→ WORK TO COMPLETE:
When you reach a picture, pass over it; otherwise repeat the listing word for word.

→ SOURCE DATA:
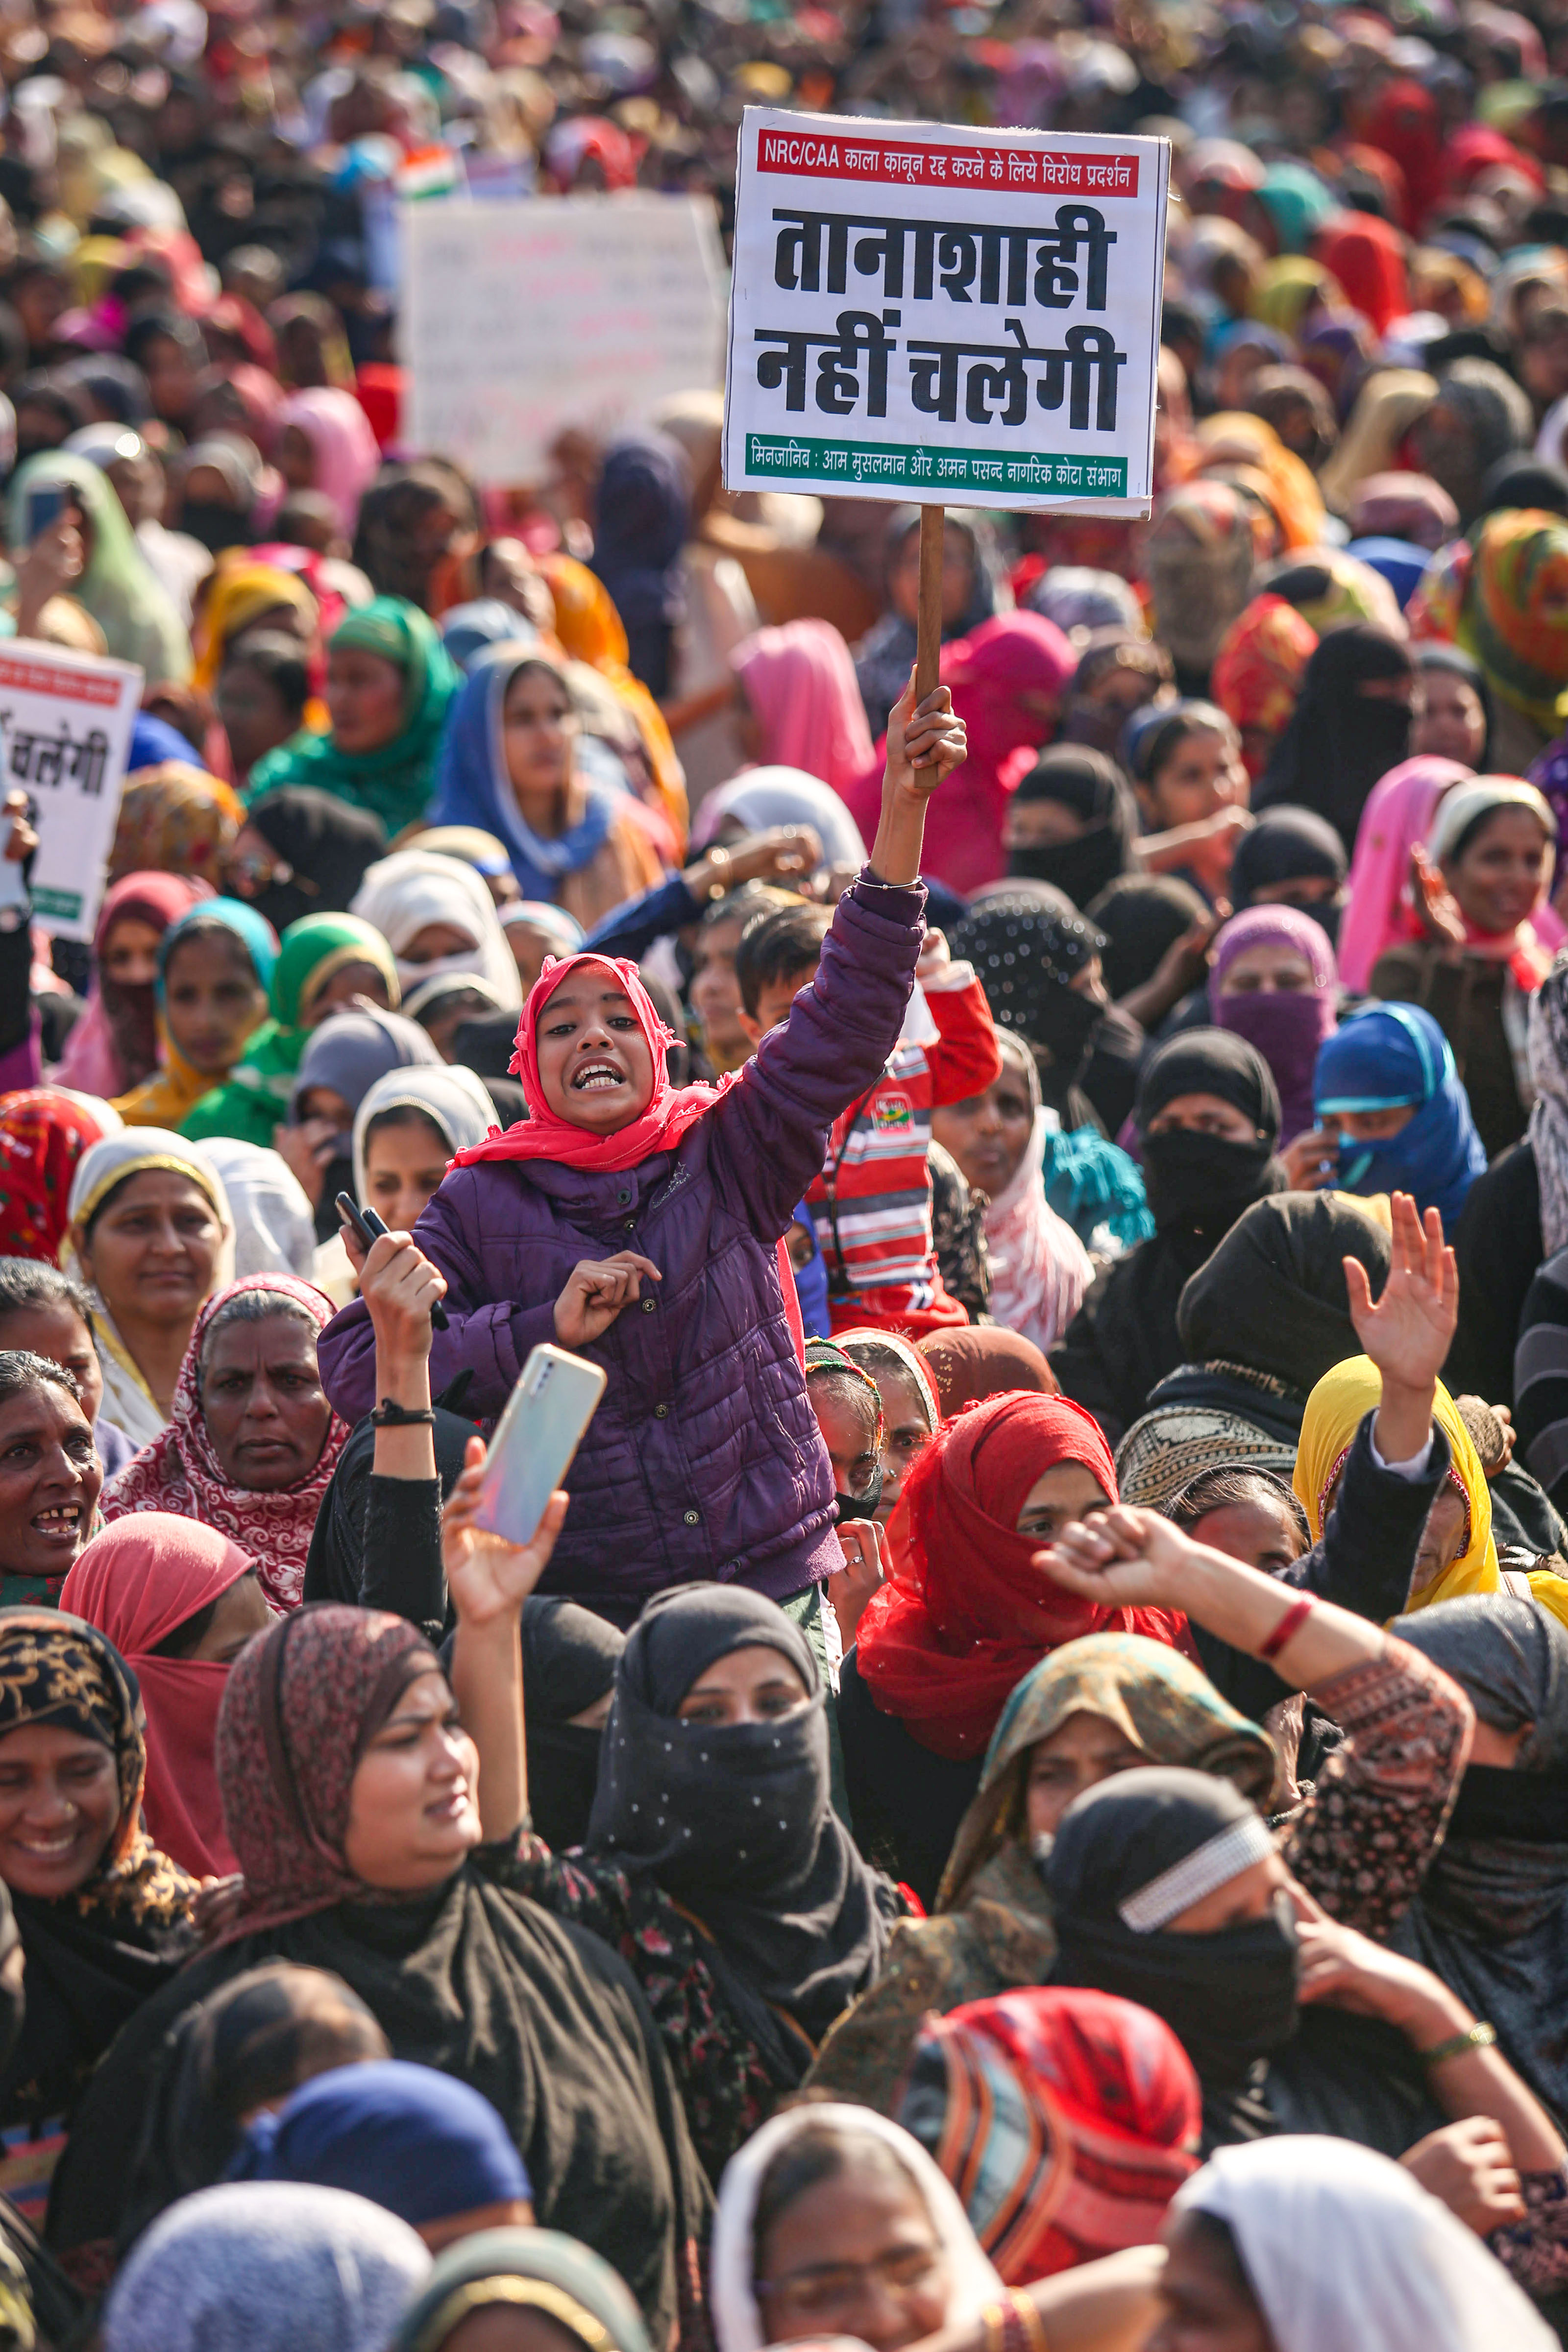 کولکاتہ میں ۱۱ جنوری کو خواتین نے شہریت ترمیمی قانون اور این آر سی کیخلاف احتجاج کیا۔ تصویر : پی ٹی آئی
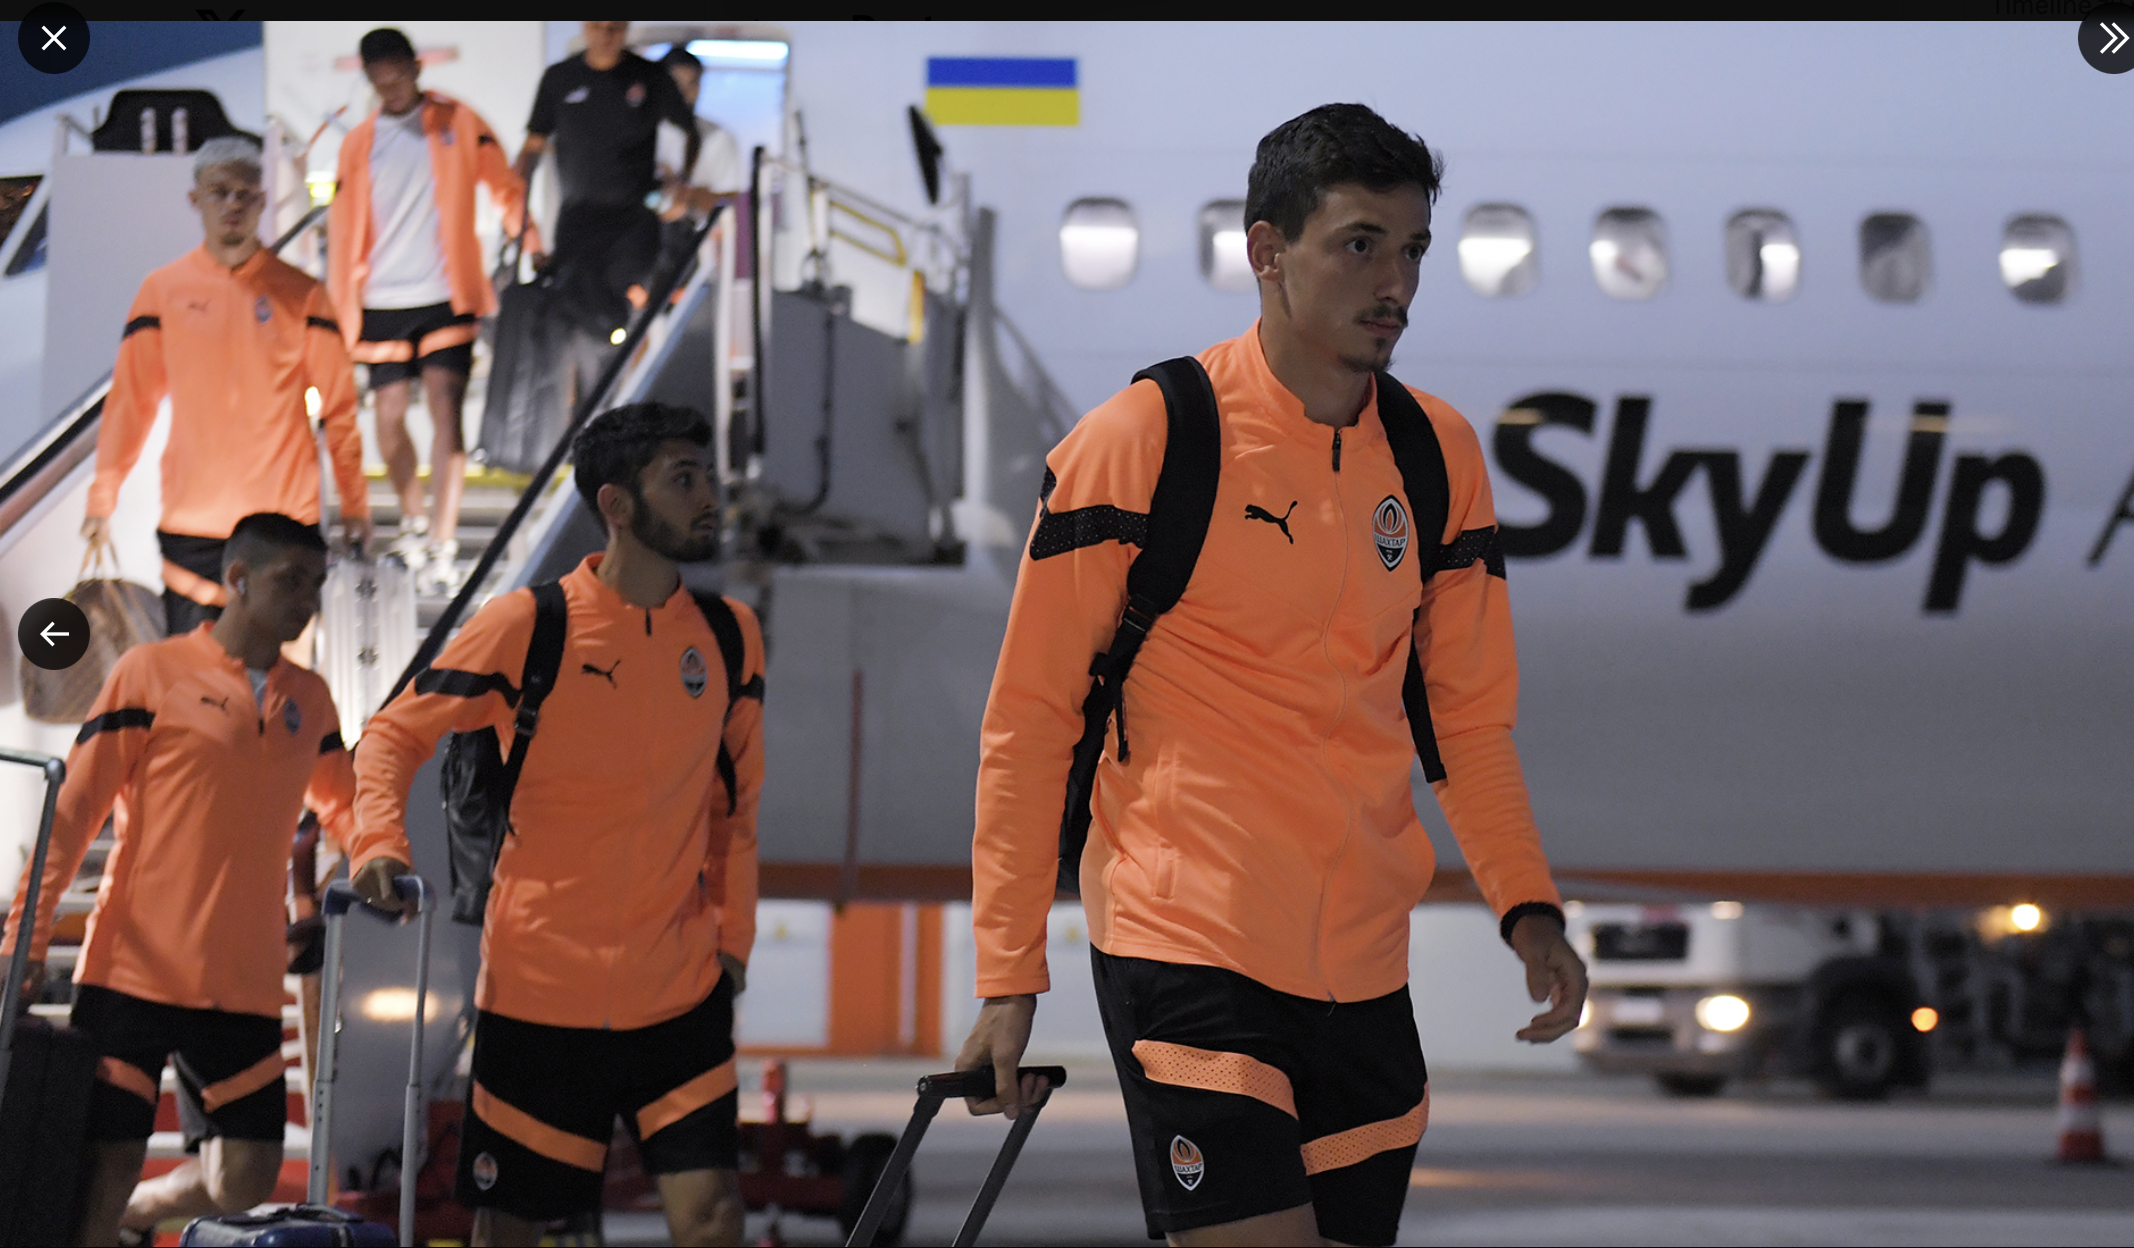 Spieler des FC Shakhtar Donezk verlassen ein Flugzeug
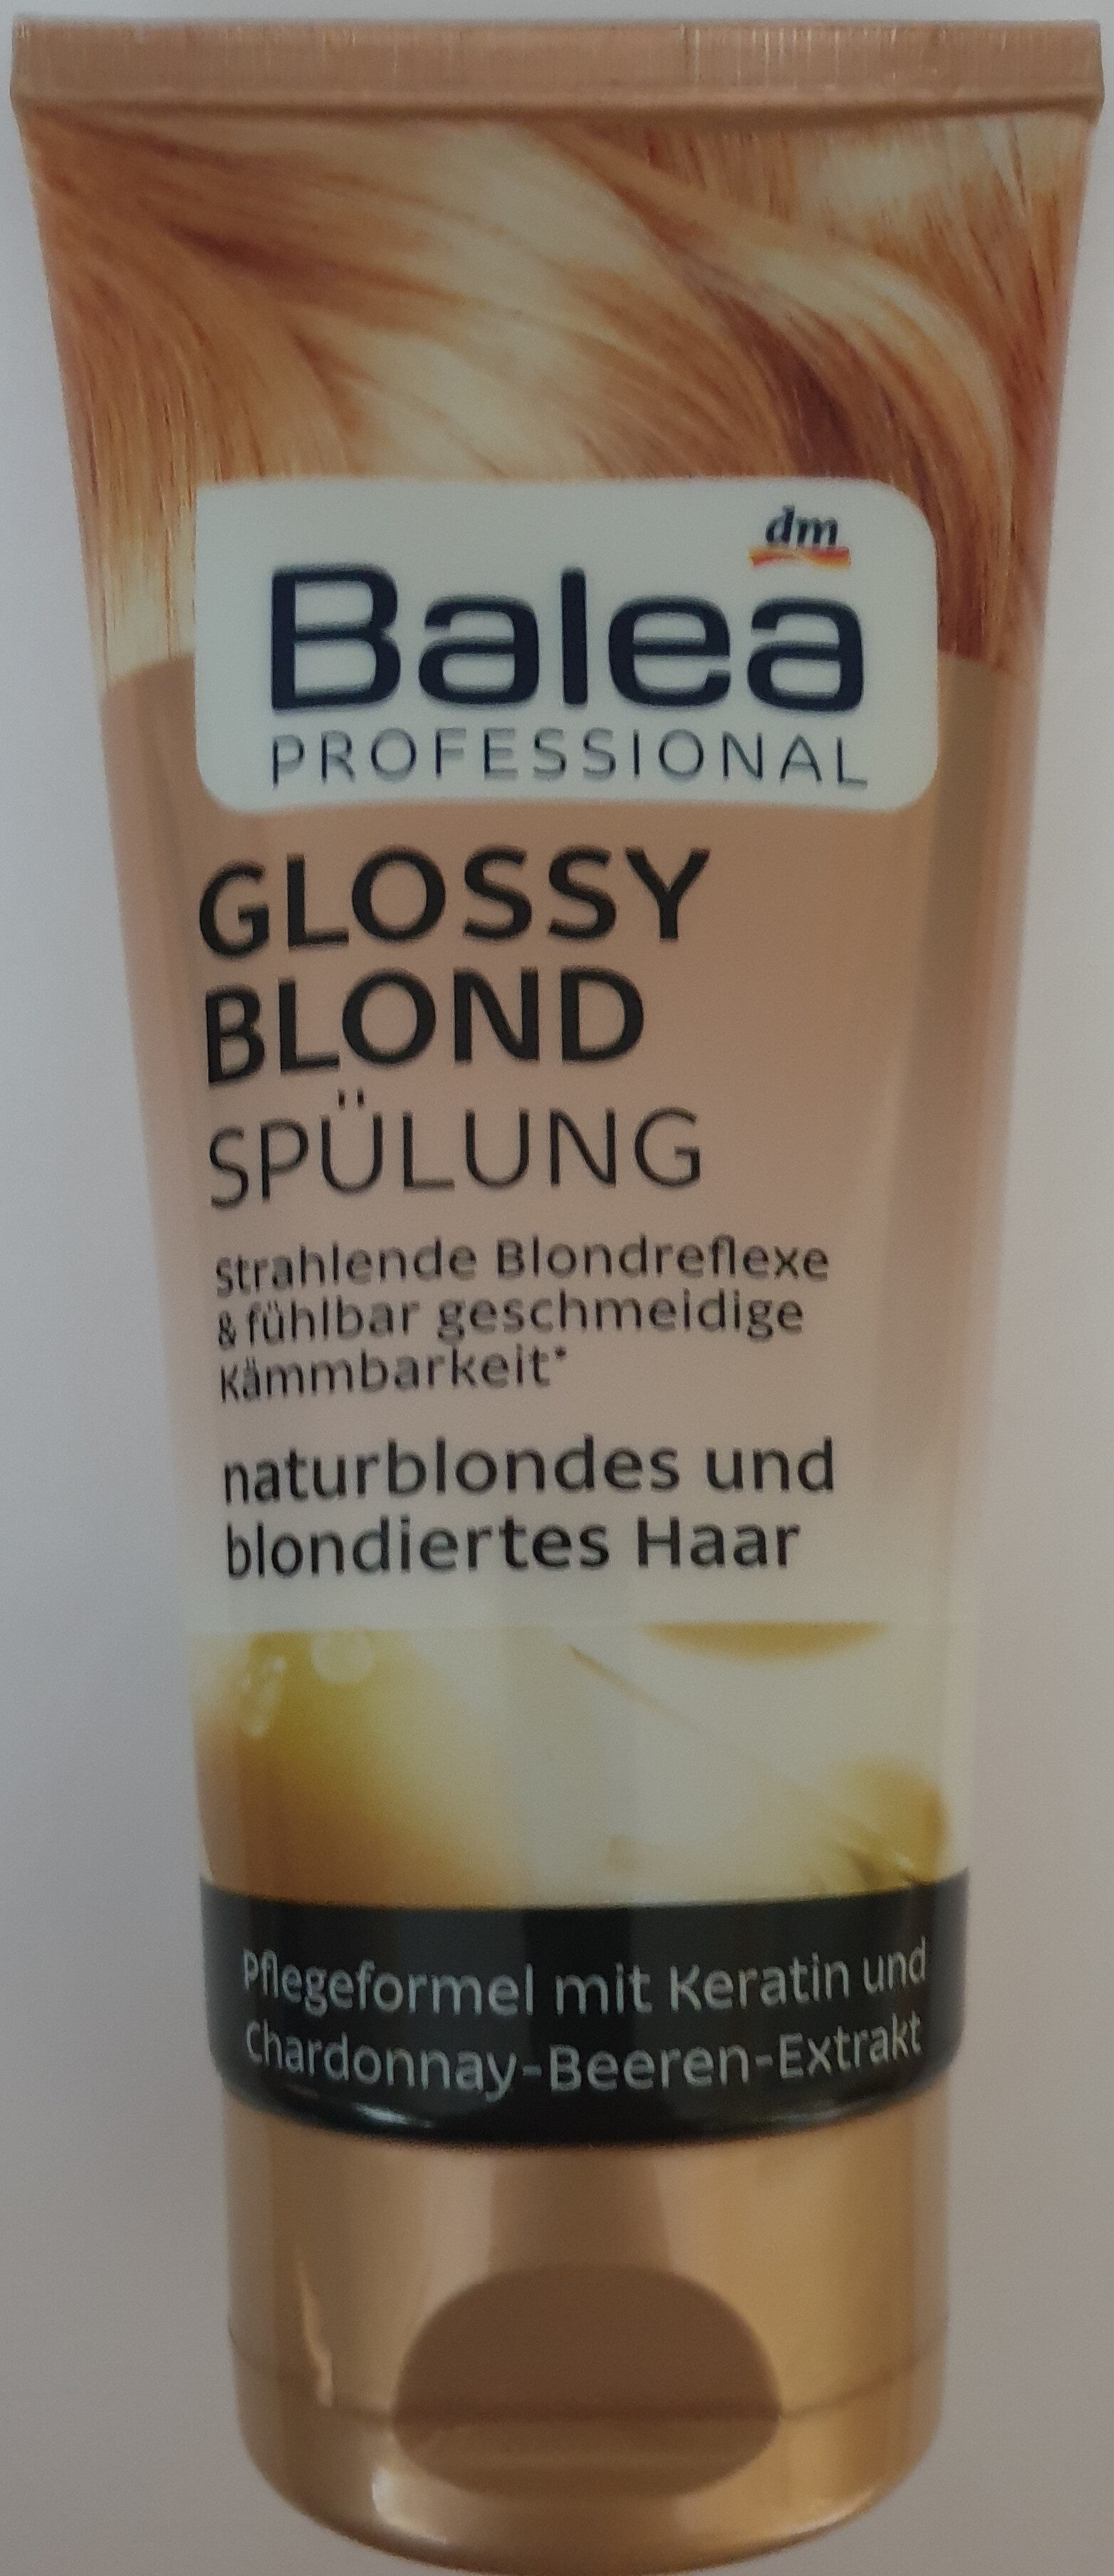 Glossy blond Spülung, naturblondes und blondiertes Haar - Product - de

→ RESULT FOR THIS TASK:
 کولکاتہ میں ۱۱ جنوری کو خواتین نے شہریت ترمیمی قانون اور این آر سی کیخلاف احتجاج کیا۔ تصویر : پی ٹی آئی
 Spieler des FC Shakhtar Donezk verlassen ein Flugzeug
 Glossy blond Spülung, naturblondes und blondiertes Haar - Product - de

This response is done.